You remember this one quote where some missionary or elder said that jw's teach people how to live? Well I really am learning how to live ------ from all of you...........thanx a million!!!!!
Cult Classic
i find it offensive that gubberningbody can claim that we cannot be permanently injured by the borg, or what our parents do to us to train us in their ways.. is he claiming that we are to blame if we cannot heal?.
go to india.. families of professional beggars deliberately break the limbs of their children so they are deformed.. dont tell me that the victm here cannot blame the parents.... psychological damage can be every bit as far reaching - and inflicted by parents, for cult reasons.. we have heard testimony from so many here, whose minds have been whisked shaken squeazed and violated by the witchtower religion.. i am still getting over mine.
it is not helped by th"revisionist memory" that dubs share.. "they never said anything about 1975" (my mother said that) "were not those who left school without a high school diploma being presumptuous that jehovah would provide for them?
WTWizard - you summed up the experience of jw kids perfectly. And I agree with you totally about the permanent harm that results.
hamsterbait - you are dead on about the revisionist memory thing. I have been so angry at my parents for this very reason. It's bad enough that we are subject to denial by the religion. But now my parents have begun this crap whereby they are denying how seriously they took the religion. They raised us all totally on the whole kit and kaboodle of jw-ism.
They would tell us that during the Great Tribulation we would be tested on our own. "Stay faithful to Jehovah, his angels will help you endure." I was terrified growing up that I would be separated from my parents and siblings, tortured and possibly raped. If we made the mistakes that come with being young, we were threatened with removal of our "privileges of service". "You won't be allowed to comment (or get baptized or carry the mics, or pioneer) if I tell the elders about your bad attitude." My parent's proudest moments were when we sacrificed for Jehovah. And after all those years of sacrificing and being an oddball in school, don't get too comfortable, "probably you will be saved".
Fast forward to 2010. My mother now says she never really believed the end was coming. That "lord only knows she did everything she could" to get us to go to college after high school. And my father now says that he wasn't sure it was coming, but just in case, he wanted us to "get life". What BS!!!!!! When I try to talk about how retarded it all was, he doesn't acknowledge his part in it. He always says how "we" (meaning witnesses) have this backwards thinking and "we" scare our kids and believe this stuff. Totally dodges responsibility and has yet to apologize for the role he and my mother played.
My mother has yet to speak to me regarding leaving the borg. Now mind you this was a woman who was inactive/irregular most of our life. Yet insisted that I stay home, pioneer, then marry in the lord in order to be a good person. So now that I'm out what does she have for me? Nothing. Not one word of "encouragement". I find that disgraceful.

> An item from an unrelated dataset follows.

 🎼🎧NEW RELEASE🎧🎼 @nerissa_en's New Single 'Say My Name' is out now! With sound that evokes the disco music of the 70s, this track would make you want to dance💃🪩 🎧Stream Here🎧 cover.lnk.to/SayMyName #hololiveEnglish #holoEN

When my husband told his father he doesn't attend meetings anymore guess what his elder father of over 45 years said? "Well son we all have free will." Can you believe that s---?

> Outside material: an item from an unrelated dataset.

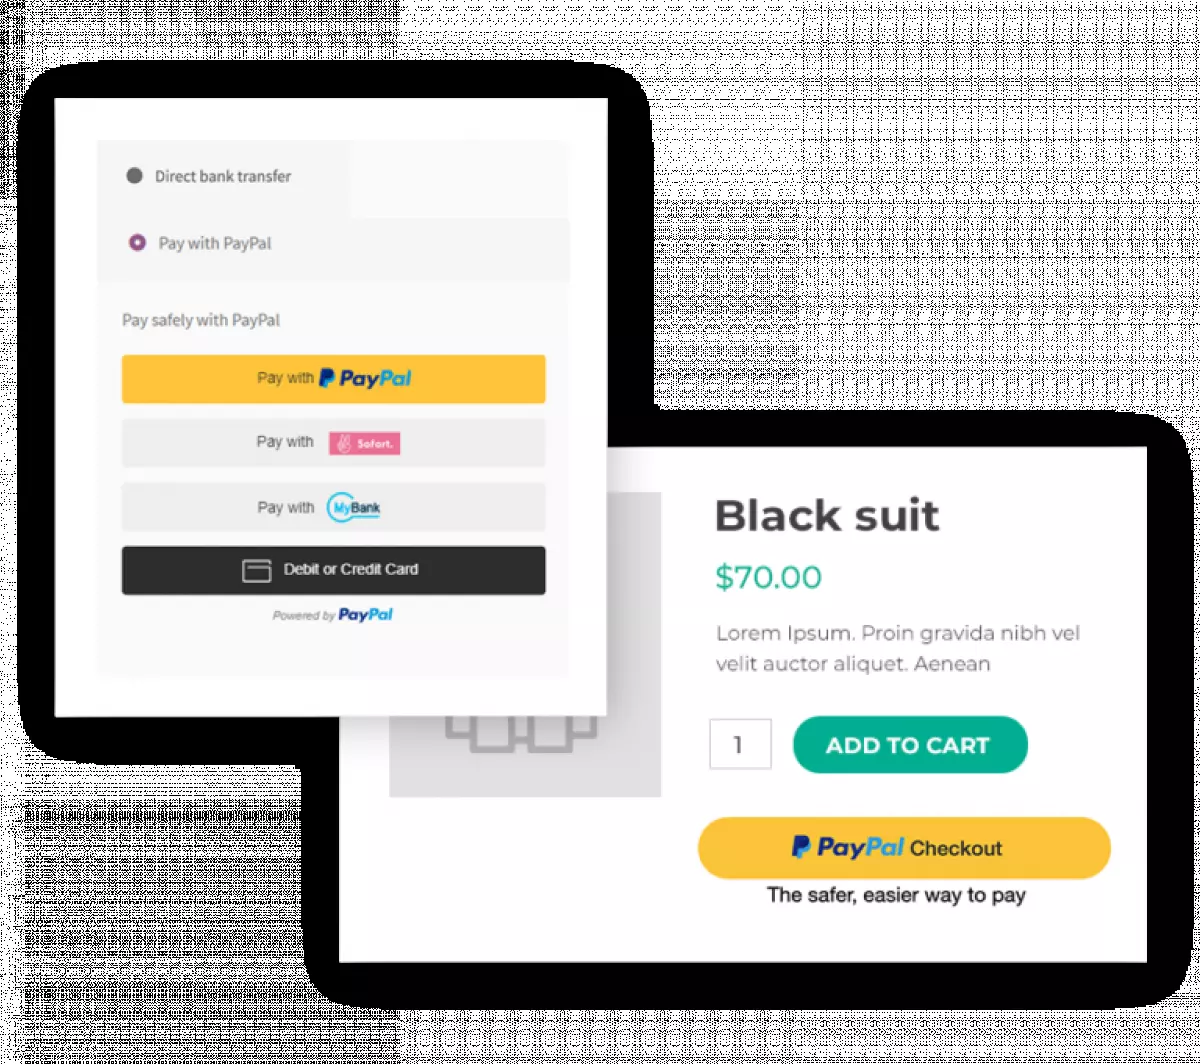  YITH PayPal Payments for WooCommerce

Not only have we been permanently injured by JW parents we are continually insulted by them.
Cult Classic
since leaving a few years ago, i have experienced the gamut of emotions, both good and bad.
one that seems particularly difficult to manage is the shame and embarrassment i feel for having taking it seriously all my life.
why wasn't i thinking?
I definitely need to find avenues to express myself. I've suppressed my thoughts and feelings so long. To allow myself to really examine what it has meant to be a witness all my life is a bit much to digest at times. I'm realizing that my training with the jw's is reaching into my life after being active with the group. I mean I find myself ignoring or denying that it was harmful........know what I mean?
I am working on finding outlets for expressing my feelings (starting with this board). You know when we first left, it was so liberating and freeing. I thought that was it. I'm confused as to why I seem to just now be crashing from it all. Maybe it's because as life events unfold I'm reminded of what was lost. And we have family still in so that's a constant reminder too. I'm not sure. Did any of you have a delayed reaction of sorts?
Again I want to say I'm taking all of your words to heart and I really appreciate your taking the time to respond.
Cult Classic
since leaving a few years ago, i have experienced the gamut of emotions, both good and bad.
one that seems particularly difficult to manage is the shame and embarrassment i feel for having taking it seriously all my life.
why wasn't i thinking?
Thank you guys for responding........you're the best. I am soaking this all in and will use every bit of it. It all makes sense.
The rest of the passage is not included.